Tulungagung, (afederasi.com) – Dinas Perhubungan (Dishub) Kabupaten Tulungagung bersama Satlantas Polres Tulungagung resmi memulai uji coba rekayasa lalu lintas di ruas Jalan A. Yani Timur Gang 5, pada Jumat (13/2/2026). Langkah ini diambil sebagai upaya menata arus kendaraan di kawasan yang dikenal padat aktivitas tersebut.

Fokus utama rekayasa ini adalah pemberlakuan sistem satu arah (one way) bagi kendaraan roda empat. Dalam skema baru ini, mobil dari arah selatan kini dilarang melintas ke arah utara di sepanjang jalur depan SMP Katolik hingga area Gereja Santa Maria. Larangan melintas ke utara tersebut diberlakukan pada penggal jalan sepanjang kurang lebih 200 meter.

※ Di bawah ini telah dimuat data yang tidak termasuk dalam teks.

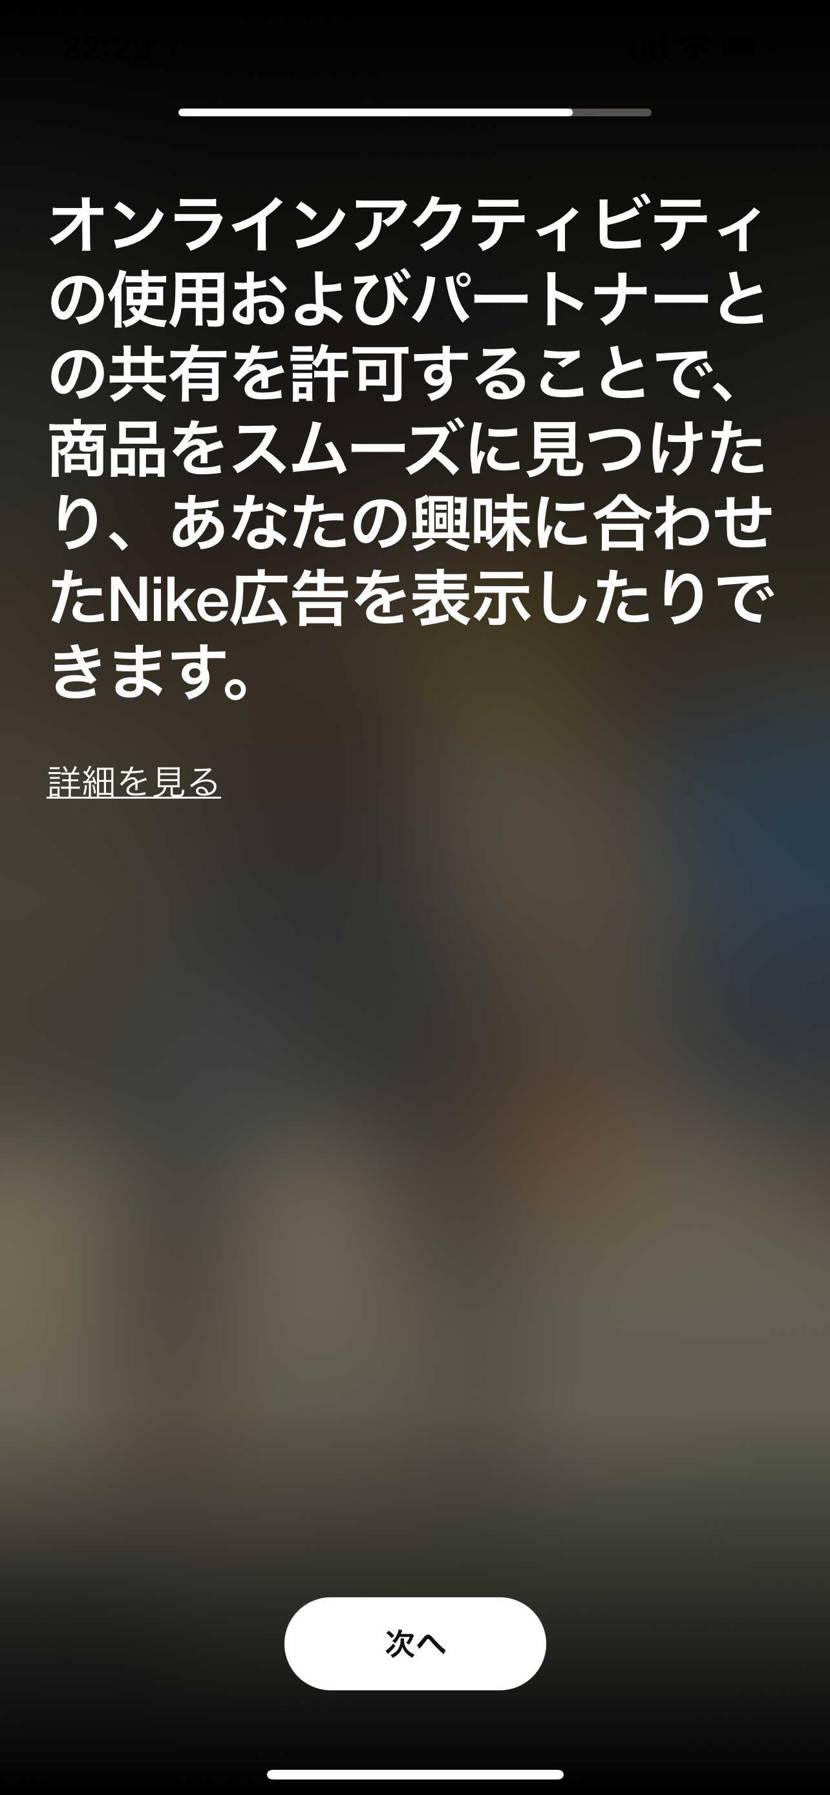 "NIKEアプリ開いたらこの画面になって、 ""次へ""を押しても全く反応せず進みま"

Kepala Bidang Lalu Lintas, Sarana Prasarana, dan PJU Dishub Tulungagung, Panji Putranto, menjelaskan bahwa kebijakan ini bertujuan untuk mengurai titik sumbat yang kerap terjadi. Selama ini, aktivitas sekolah dan proses bongkar muat logistik, seperti distribusi air minum kemasan, seringkali memicu penumpukan kendaraan di ruas jalan yang relatif sempit tersebut.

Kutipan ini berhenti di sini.